Saturday, May 28, 2022
Outlook.com

Azadi

What exactly does azadi mean to Kashmiris? Why can’t it be discussed? Since when have maps been sacrosanct?

Azadi
A Place Named Thrall Photograph by Getty Images

The people of Kashmir have made it clear once again, as they have done year upon year, decade upon decade, grave upon grave, that what they want is azadi. (The “people”, by the way, does not mean those who win elections conducted in the rifle sights of the army. It does not mean leaders who have to hide in their homes and not venture out in times like these.)

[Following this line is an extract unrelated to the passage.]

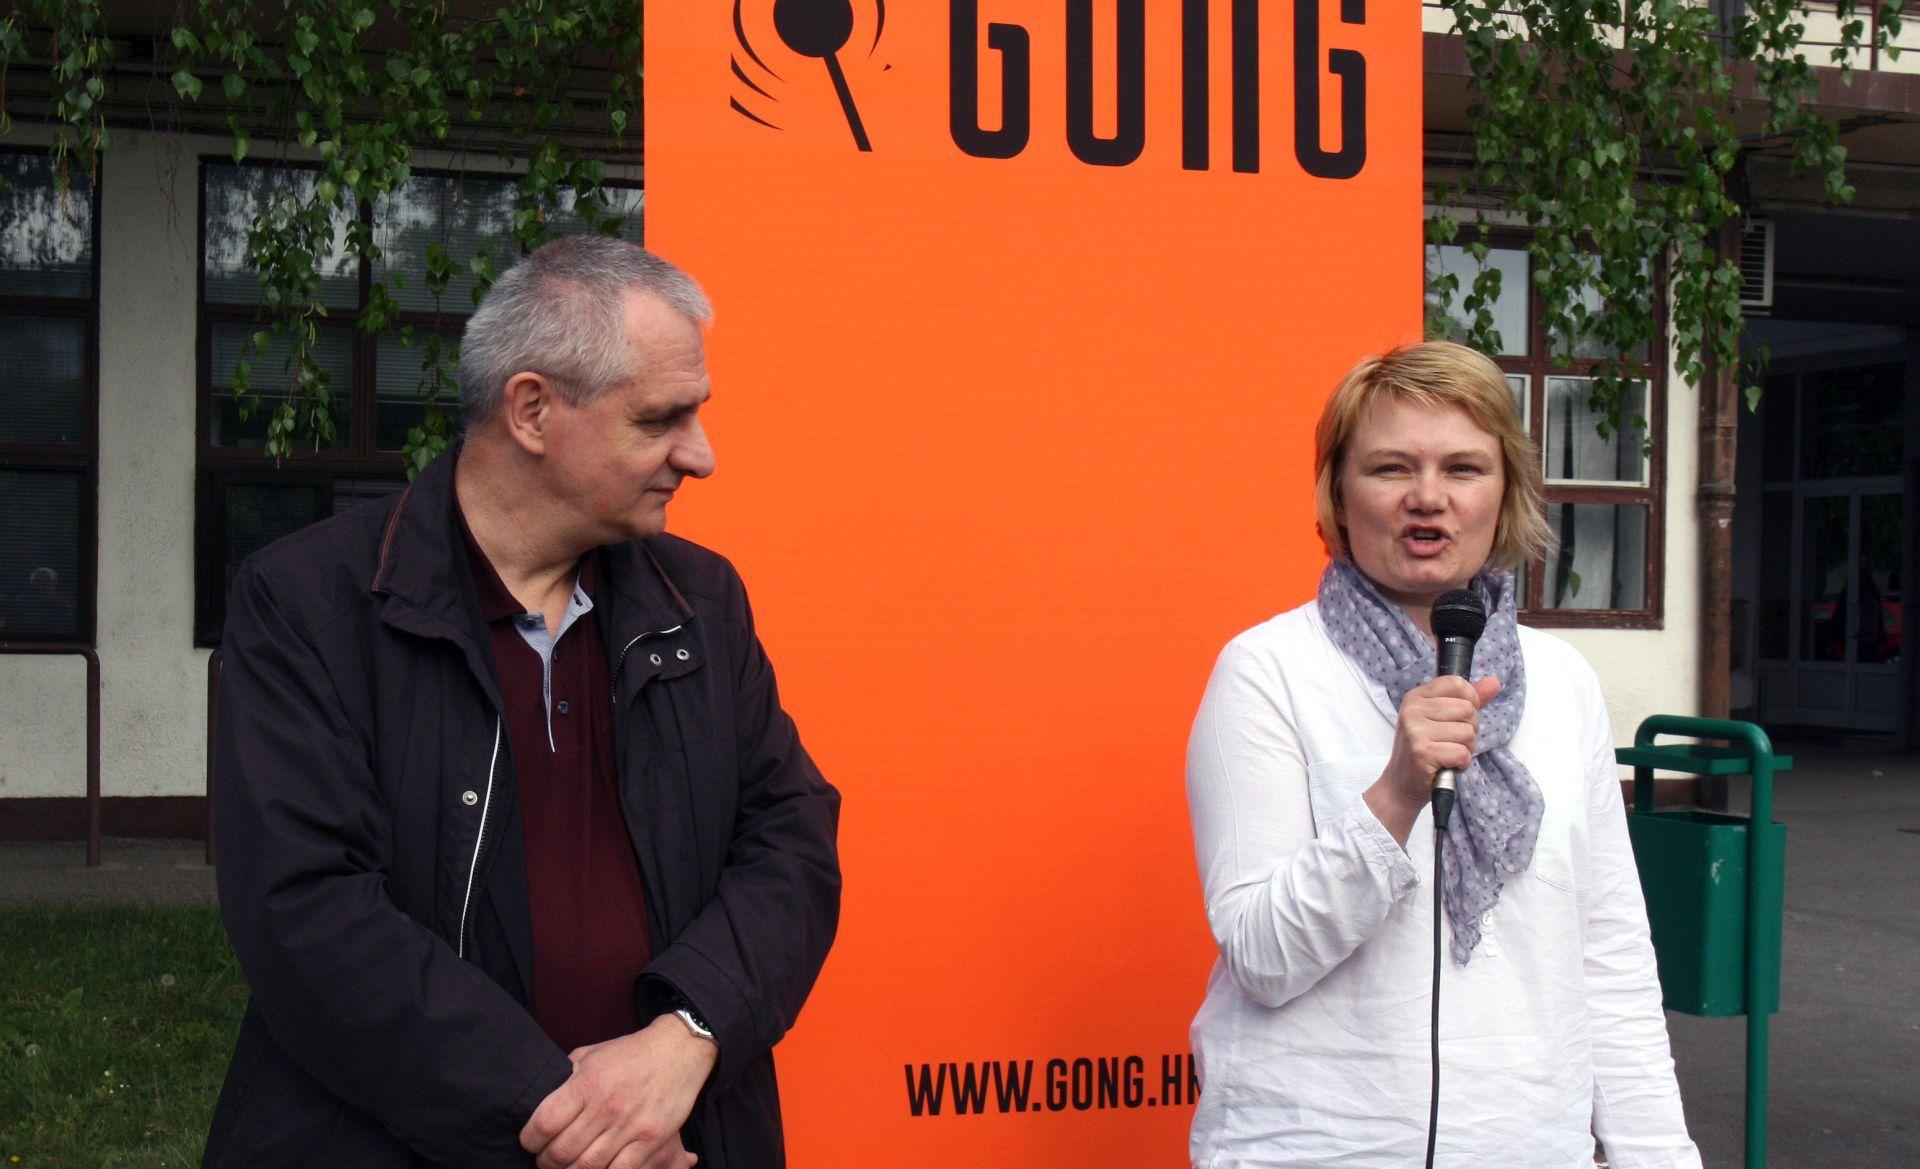 OBLJETNICA GONG-A Civilno društvo nisu organizacije kojima je cilj smanjivanje ljudskih prava i sloboda

While we denounce—as we must—the gunning down of unarmed protesters by the security forces, the attacks on ambulances and hospitals by policemen, and the blinding of teenagers with pellet guns, we have to keep in mind that the real debate cannot only be about the violation of human rights by Indian security forces in the Kashmir valley. Egregious though they are, those violations are the consequence—the inevitable and unavoidable consequence—of the militaristic suppression of a people’s struggle for freedom. Kashmiris are not fighting for the establishment of the rule of law or an end to human rights violations. They are fighting for azadi. For this, they are prepared to face down bullets with stones. For this, they are prepared to die in numbers. For this, they are prepared to exhibit acts of open defiance that may lead to their death or incarceration in the most densely militarised zone in the world. For this, they are prepared to take to arms, to fight to the death, knowing full well that they will die young. They have proved that with tragic regularity. They have been nothing if not consistent.